Biographie : Un inventeur autodidacte
​Abdellah Hajjab a atterri en Belgique avec sa famille à 8 ans, son père occupant un poste de souffleur de verre en CDI dans une usine. Il a appris le néerlandais et s’est adapté au style de vie de la Belgique flamande, à Boom. Après avoir sauté une classe, il a continué ses études au sein d’un lycée professionnel (mécanique, électro-mécanique, soudure, etc.). N’ayant pas réalisé d’études supérieures, il s’est formé seul, en autodidacte, aux technologies de pointes et notamment à la technologie du GPS.

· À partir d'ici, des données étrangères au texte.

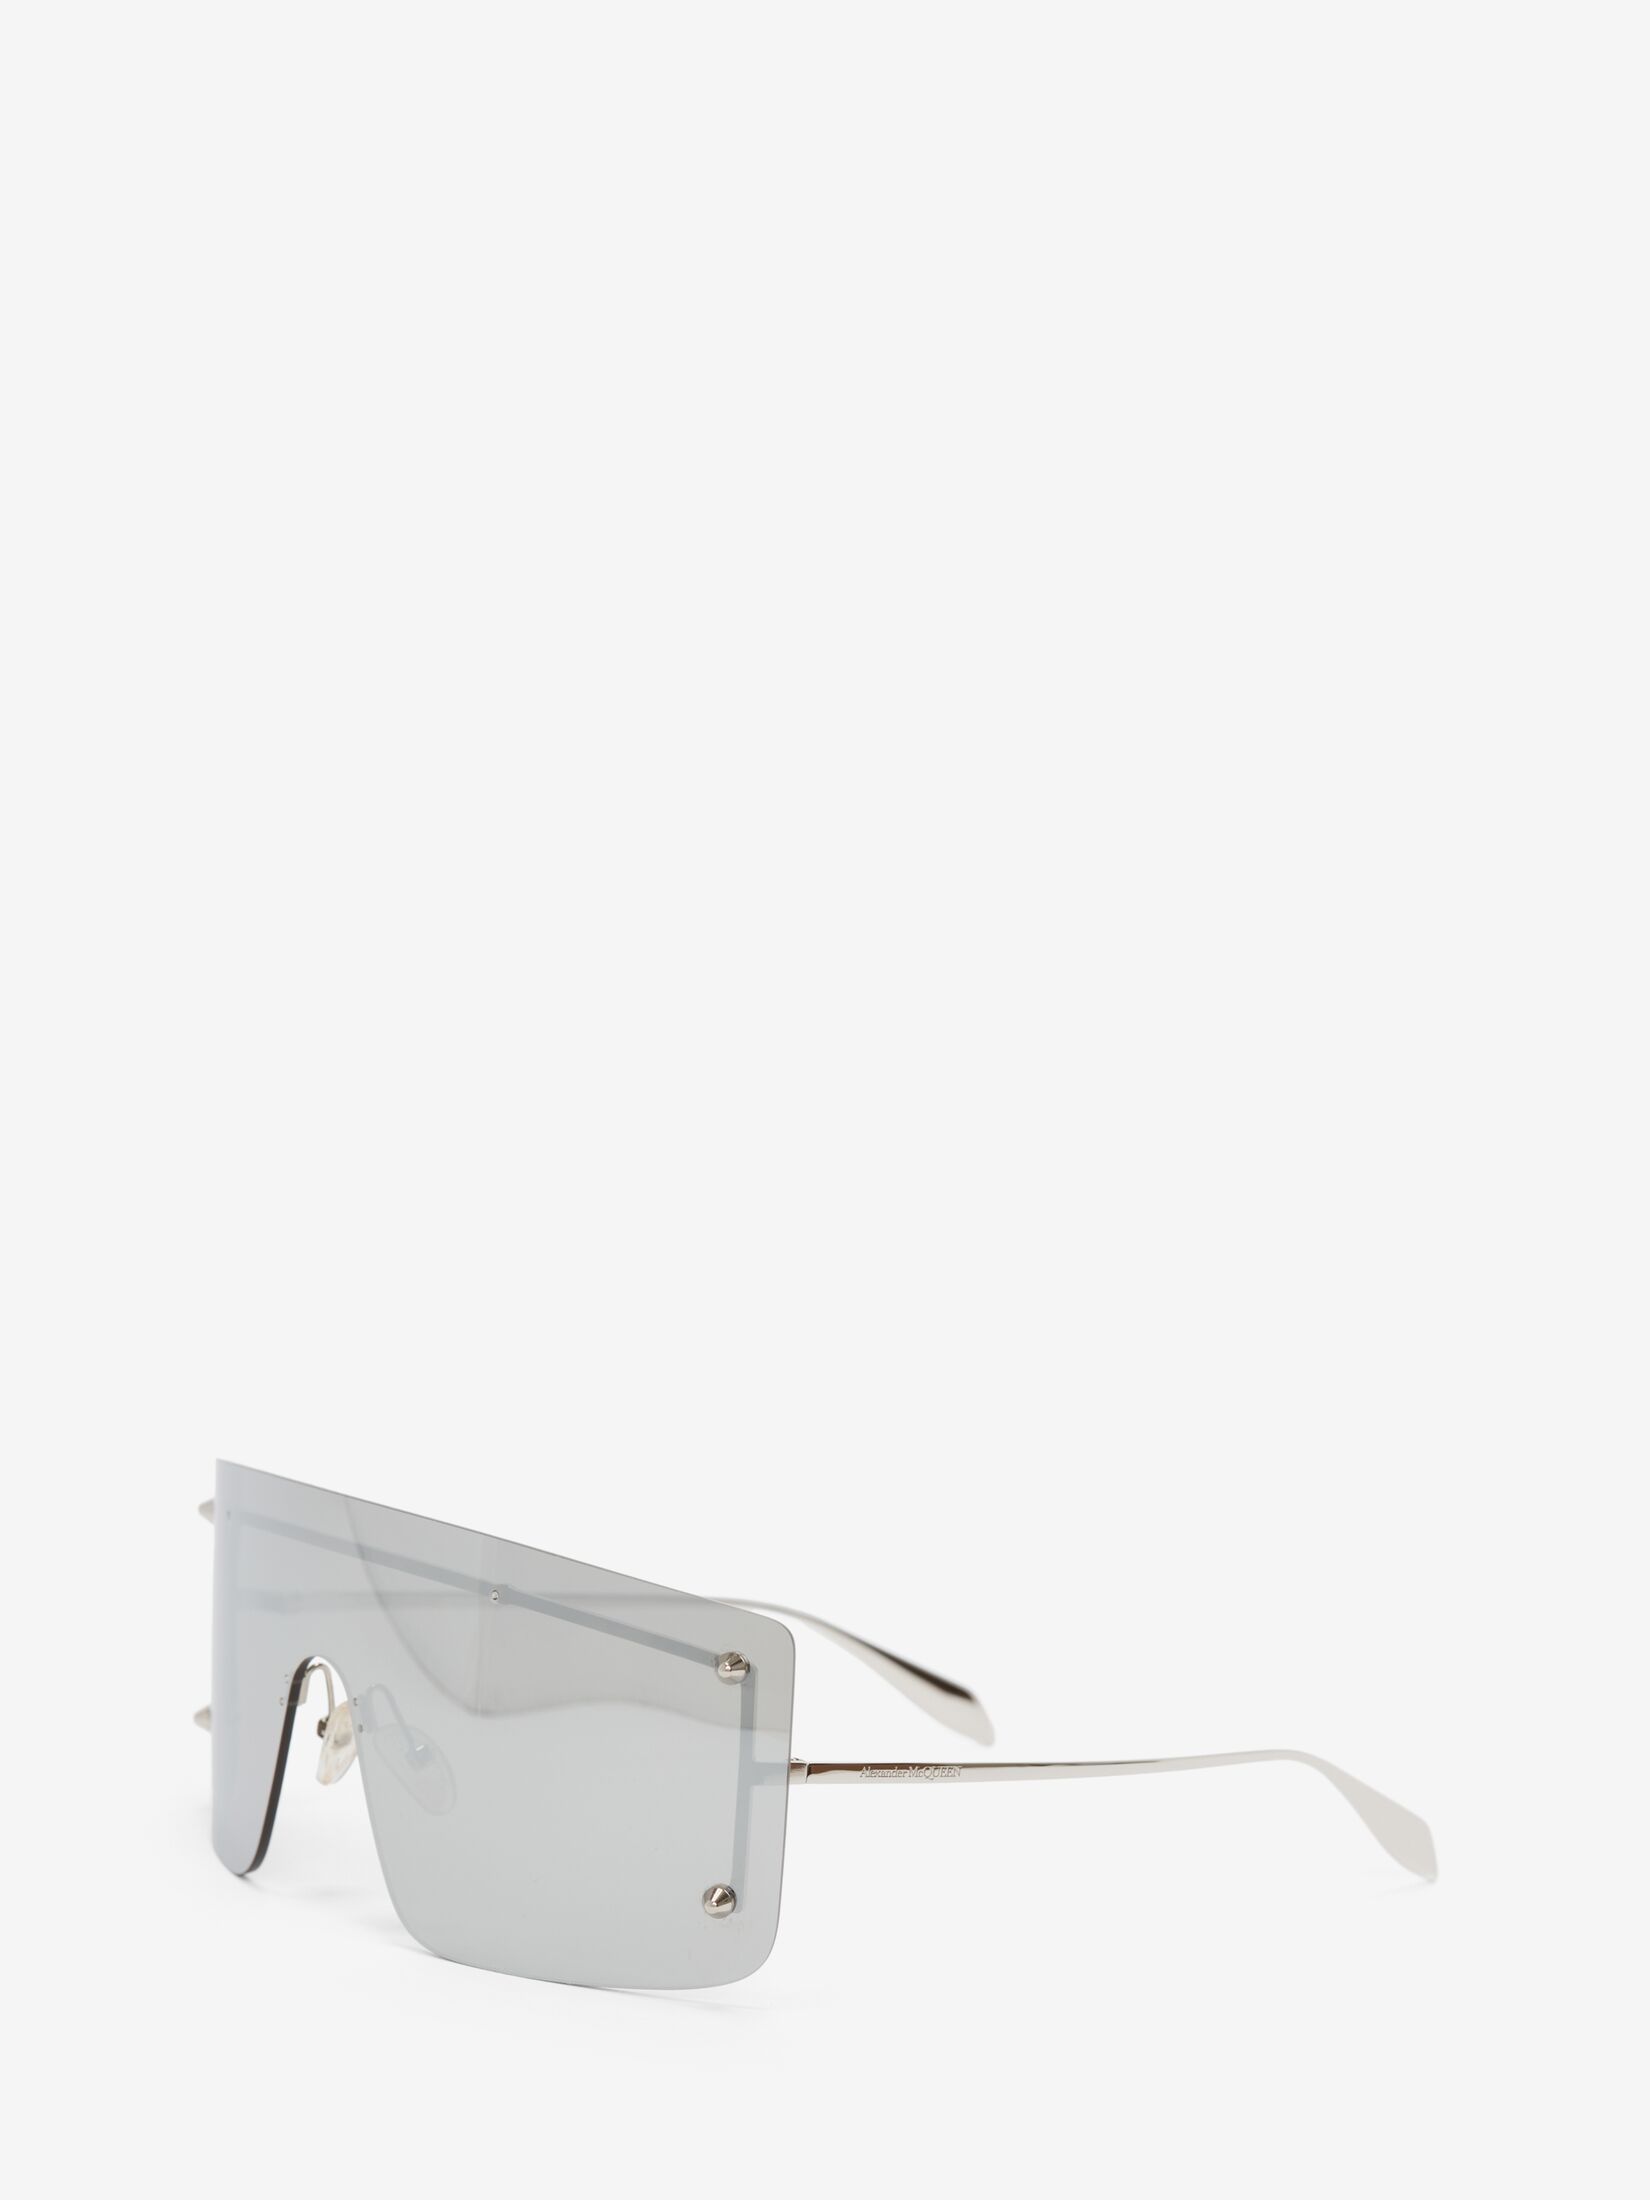 Spike Studs Mask Sunglasses in Smoke/Silver | Alexander McQueen PT
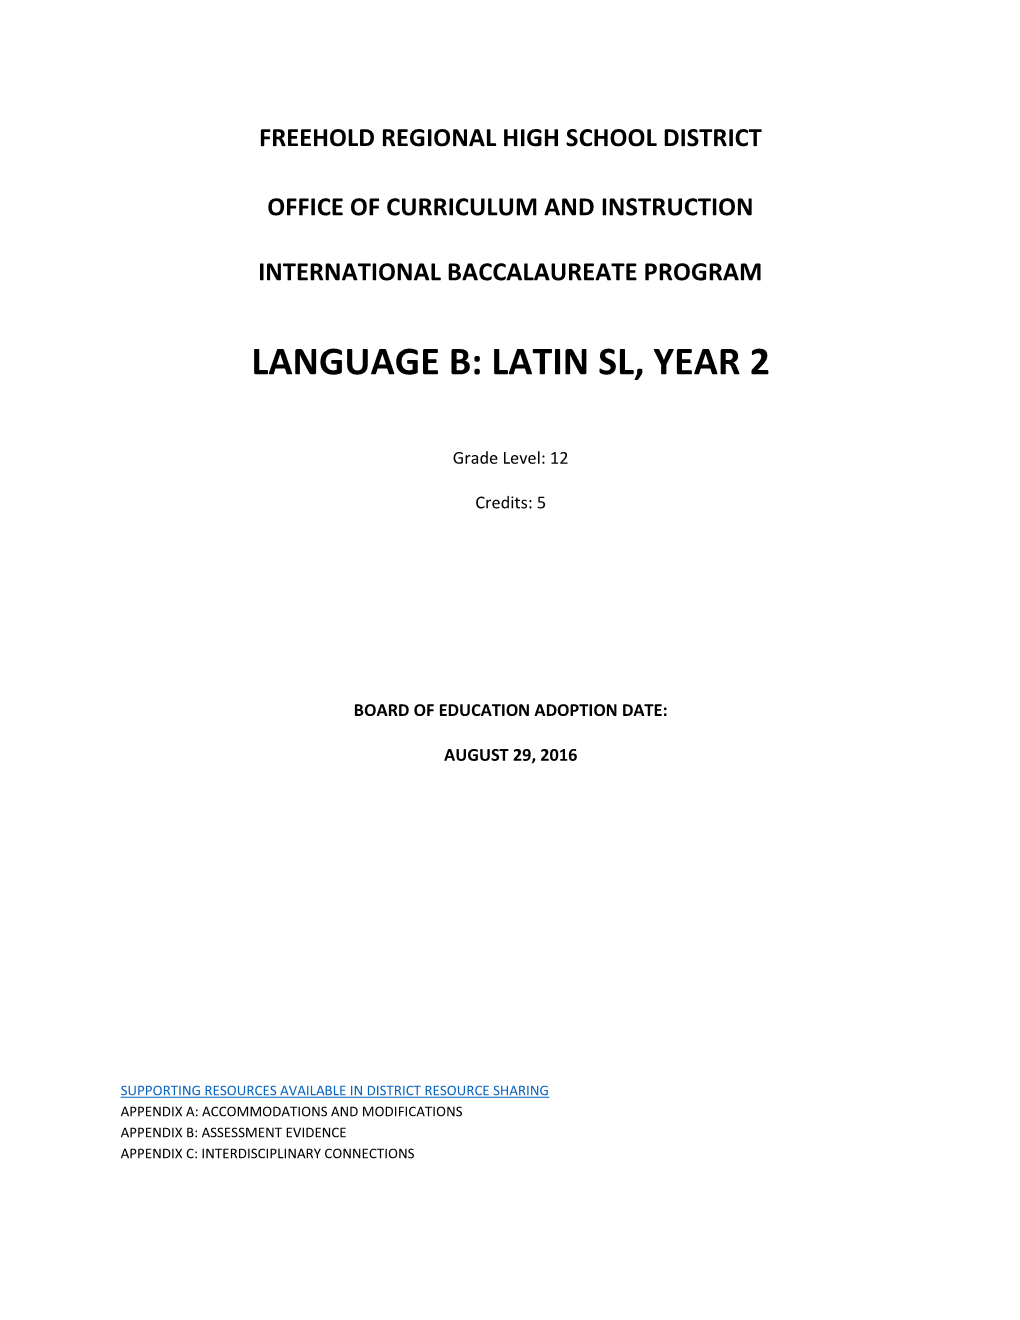 Latin Sl, Year 2

Jusqu’à ses 23 ans, il a aidé financièrement sa famille, l’usine de son père ayant fermé ses portes. Il a travaillé en tant qu’électricien, plombier ou bricoleur, et a été pris sous l’aile d’un patron du bâtiment. Il a ensuite réalisé une formation dans la société de surveillance « SGS », faisant des contrôles de matériaux avec des tests non destructifs, et atteignant le niveau 2 d’expertise (sur 3 niveaux), puis il a travaillé dans la menuiserie pendant quelques années, créant sa propre entreprise et travaillant en collaboration avec son ancien patron. Après un vol de son matériel de travail en 1998, il s’est lancé dans la technologie du GPS, une idée qu’il avait mûrie depuis plusieurs années. De cette époque à aujourd’hui, d’importants investissements ont été effectués en développement et recherche, notamment pour fabriquer des prototypes et effectuer des tests. Grâce à cela, il a mis en place une technologie précise au centimètre près pouvant modéliser en trois dimensions et en temps réel des objets et des individus.